7,90,28, 56, 58 - not next week's winning lottery numbers but the various numbers of days suggested that the police can incarcerate people without charge in the UK. This week's bonus ball is 42 - the new compromise number being nudged up from the present 28, in an indecently hasty attempt to get Labour party funding off the front pages.
The new number is being smoothed through Parliament by the promise that the House of Commons will have some part in authorising the 'occasional' use of 42 days. Home Secretary Jaqui Smith said: "To emphasise that the higher limit is exceptional, it must be approved by Parliament within 30 days."
What happens when someone is detained and we get to day 27? Plod asks Home Secretary for permission to extend this to 42 days, who then has to ask Parliament's consent to validate it. Within 30 days.
In 2005-06 Parliament sat for a grand total of 283 days. And when they did bother to turn up, each day lasted an average of 7 hours and 33 minutes. Given government legislation often fails to get through because of a lack of parliamentary time, it seems to be putting an awful lot of faith in getting the rubber stamp applied within this 30-day window.
But let's assume the MPs can be roused from one of the many subsidised bars of the Commons to approve an extension by 14 days. Suppose it takes them the full 30 days to get around to it? By which time our suspect would have languished 57 days already - if they approve it, does he have to do the additional 14 days still, taking the total up to 71?
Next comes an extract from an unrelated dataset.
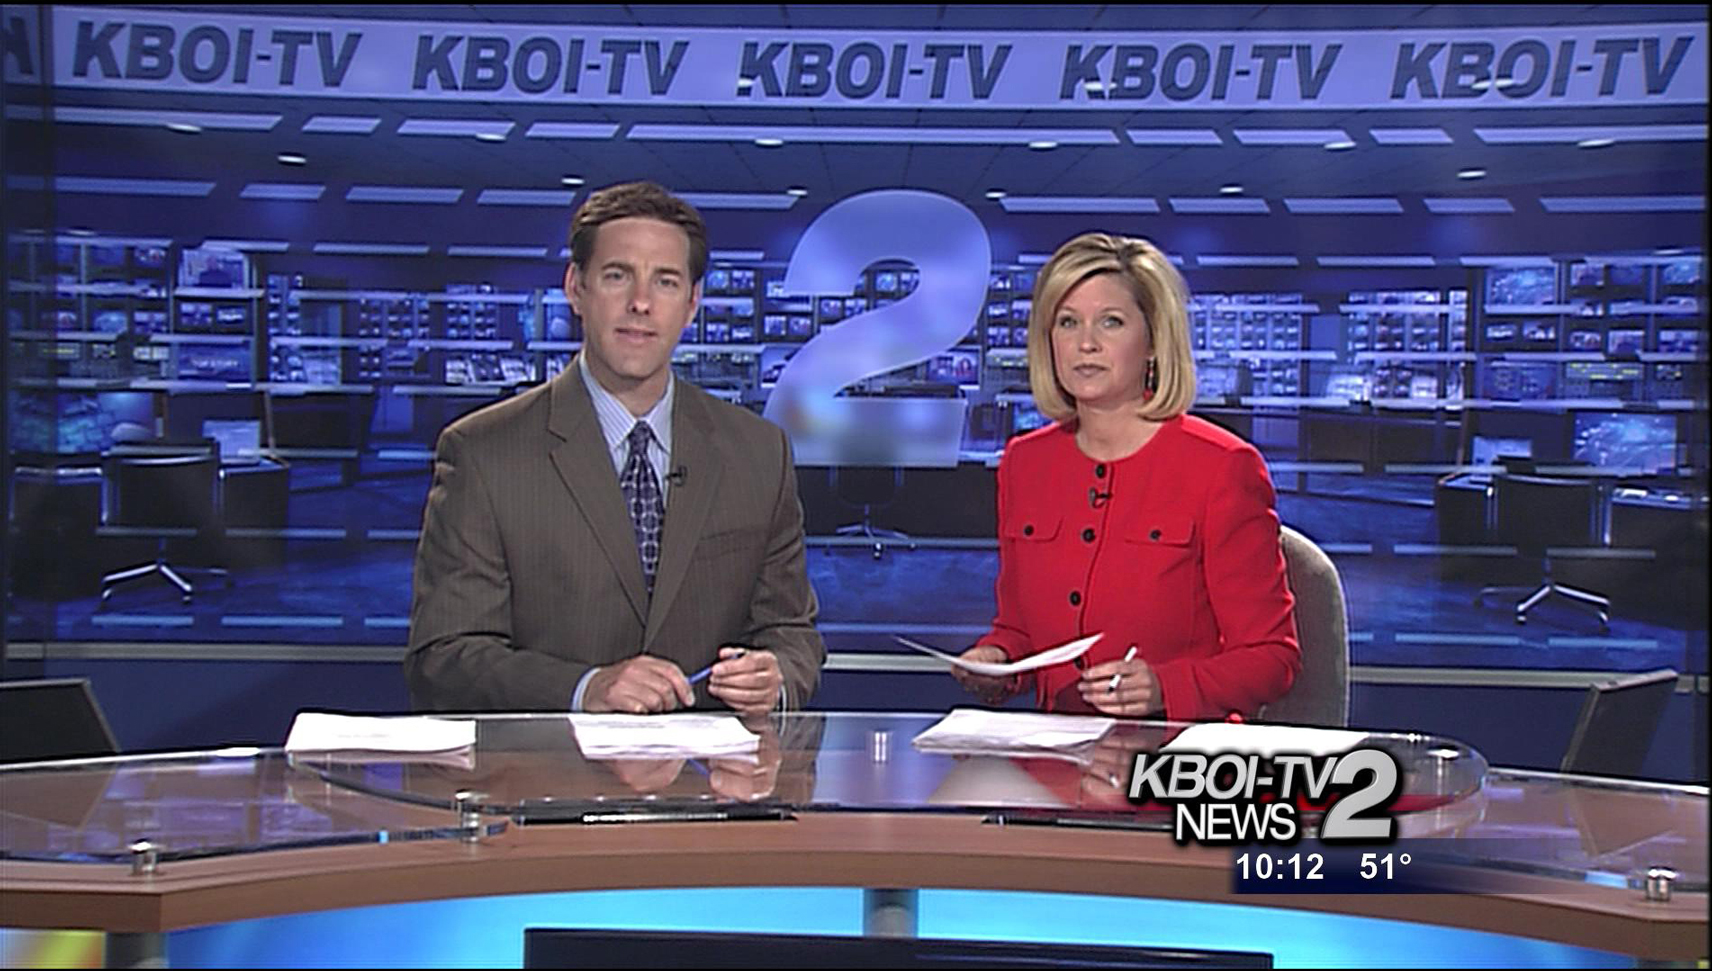 KBOI TV Channel 2 Boise, Idaho

But let's be charitable and assume not. If the Old Bill wants to get his extension - and he knows it could take up to 30 days - he can't assume it will be granted. If he's allowed to hold someone for 28 days, this gives him minus two days to apply for the extension to get it granted in time. In other words he'll have to apply for the extension two days before the original arrest is made. In which case will Mystic Meg be joining the Met?